常安公主道:“你做事,不必顾虑你大哥。他虽是我生的,也没道理叫你迁就他。”
“咦?”
常安公主摇摇头:“你看过打拳吗?”
“一点点。”
“没练过吧?”
“没有。”
“打拳的时候,要蓄力,能回收,收放自如才是最上乘的拳法。如果没法控制力道,怎么办呢?拳头一旦打出去了,就永远不要停,遇什么,就砸碎什么!这样,你才能活。最怕犹犹豫豫,绵绵软软打又不敢打,不打又不甘心,跟个摸路的瞎子似的!”
公孙佳半天担忧的情绪得到了缓解,人也振奋了起来:“是。哪怕粉身碎骨,也要让对家筋断骨折。”
常安公主道:“还没到那一步。不过,也不能太过大意。”
“是。舅母,帮我个忙。”
“什么?”
“找个匣子,要与装舍利子的宝函大小差不多……”
公孙佳一说话,常安公主就明白了:“好,就说你是来请舍利子回家的。”
公孙佳道:“那……不是,对了,要不,我再把舍利子送回来?放在外公这里,我也好心安些。”
常安公主很犹豫,靖安长公主走了进来,公孙佳起身道:“外婆。”
靖安长公主一脸的犹豫,公孙佳道:“就这么定了!舅母找匣子,要用红绸包裹好,嫂嫂捧着送我回去,嫂嫂回来的时候将我家中舍利子带回来。”

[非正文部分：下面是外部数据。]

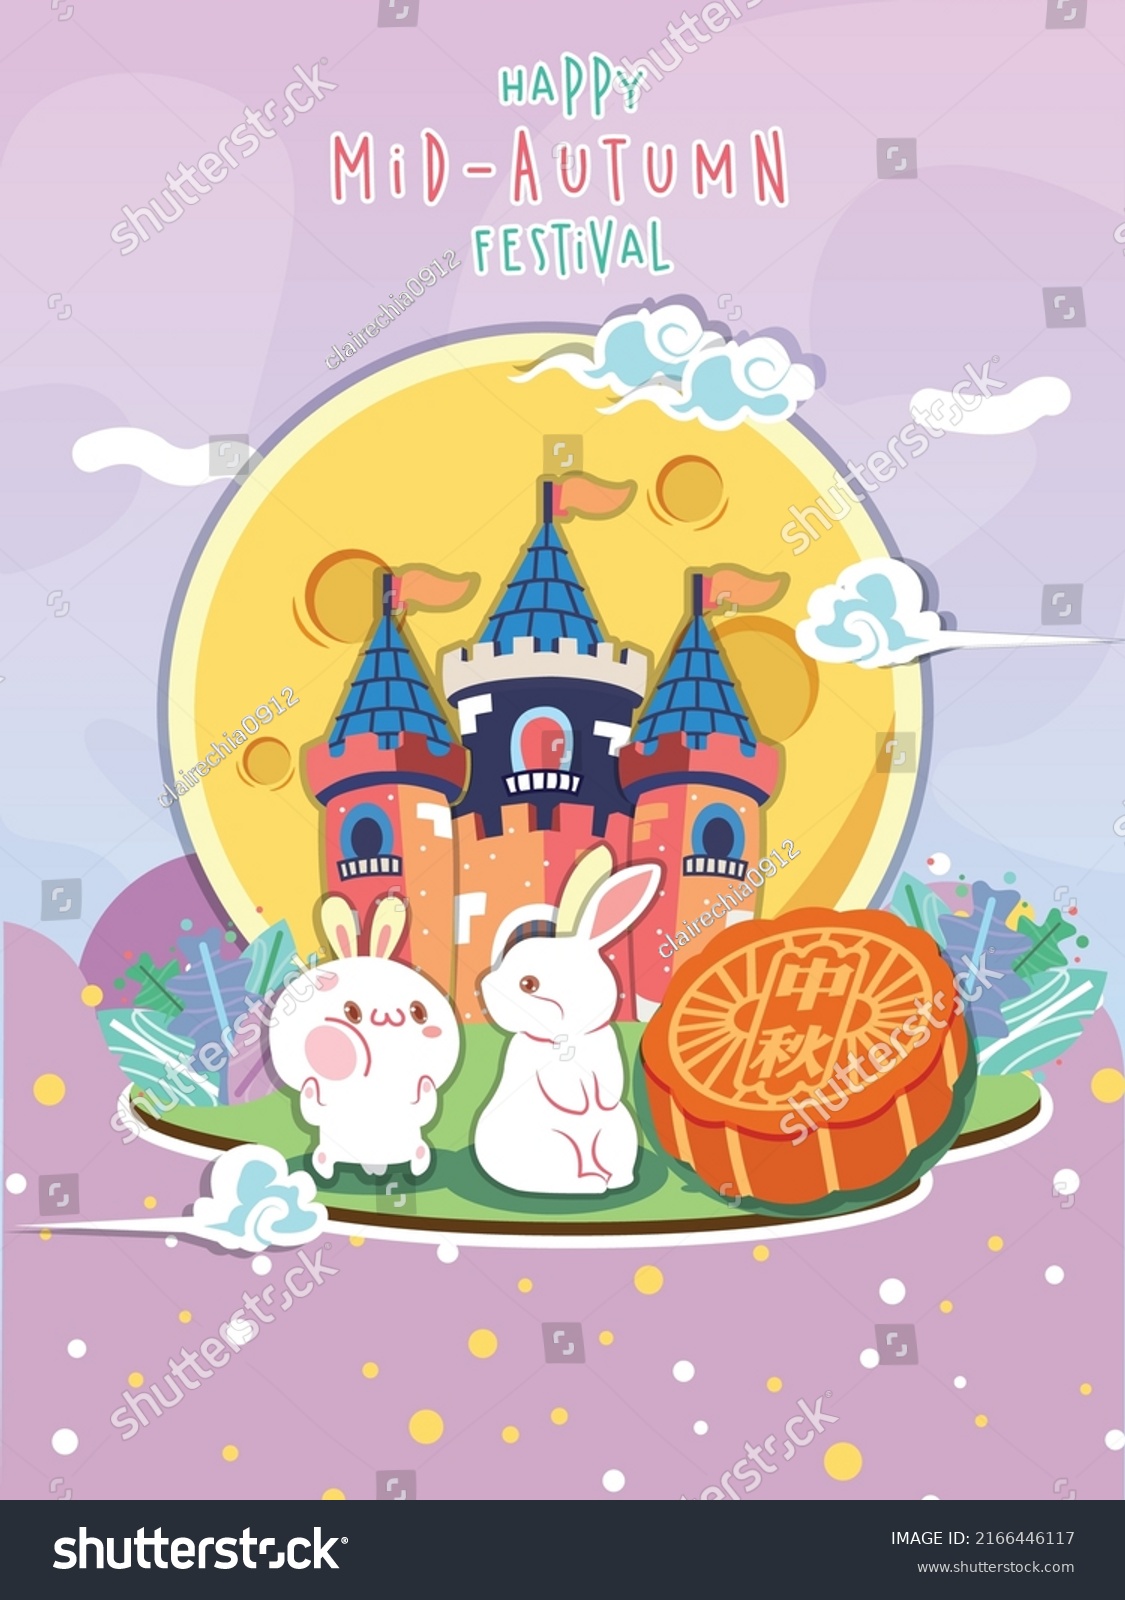 SVG of Happy mid-autumn festival banner with fat rabbit enjoying mooncake and the full moon on shiny starry night, holiday name in chinese characters svg
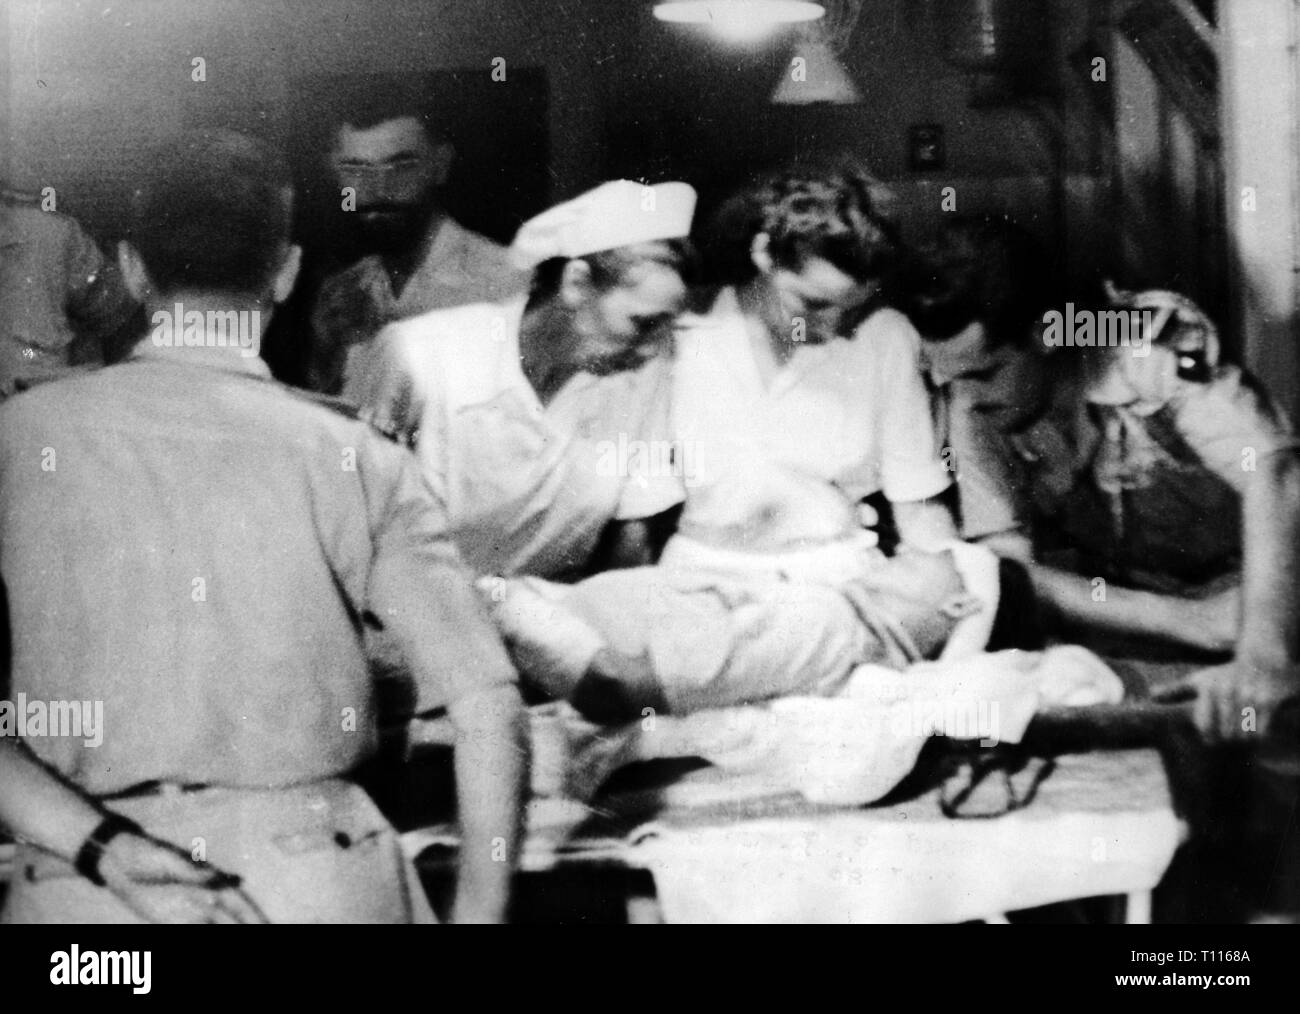 Indochina War 1946 - 1954, battle at di bi Phu, 13.3. - 7.5.1954, arrival a wounded Foreign Legionnaire in the Lanessean hospital, Hanoi, 18.3.1954, Foreign Legionnaire, Foreign Legion, soldiers, soldier, physician, physicians, military surgeon, military surgeons, nurse, nurses, female, women, sick bay, sick bays, medical corps organisation, health care, healthcare, Viet Nam, North Vietnam, wars, French Indochina, Indochina, French colony, colonial war, military, army, armies, paratroop, paratroops, paratrooper, Para, paratroopers, Paras, airborn, Additional-Rights-Clearance-Info-Not-Available Stock Photo

两位公主都不说话,公孙佳道:“还犹豫什么?天都要黑了!”催着延福郡主过来,与她一同回了公孙府。延福郡主在车上说:“我的心,扑扑的直跳。我看姓纪的不会安生。”
公孙佳道:“拦怕是拦不住的,不过是抢些时间,等陛下的章程罢了。咱们现在也只能做到这些。”
延福郡主一脸的愁容:“你不知道,在姓纪的手下讨生活,难!”
公孙佳心道,可不难么?不难,我大姨能就死了?
到了公孙府,钟秀娥还在着急,迎上来问:“出什么事了?”延福郡主将匣子一扔,把住她的双臂,说:“姑母,您别急,咱们回房慢慢说。”拖着她回房,将钟祥的事讲了。钟秀娥霍地站了起来:“什么?套车!我要去……”
公孙佳咳嗽了一声,又用手杖用力地戳着青砖地面,钟秀娥暂时安静了下来,瞪着女儿。公孙佳道:“现在得保密,外公倒下的消息传出去,真的会死人!”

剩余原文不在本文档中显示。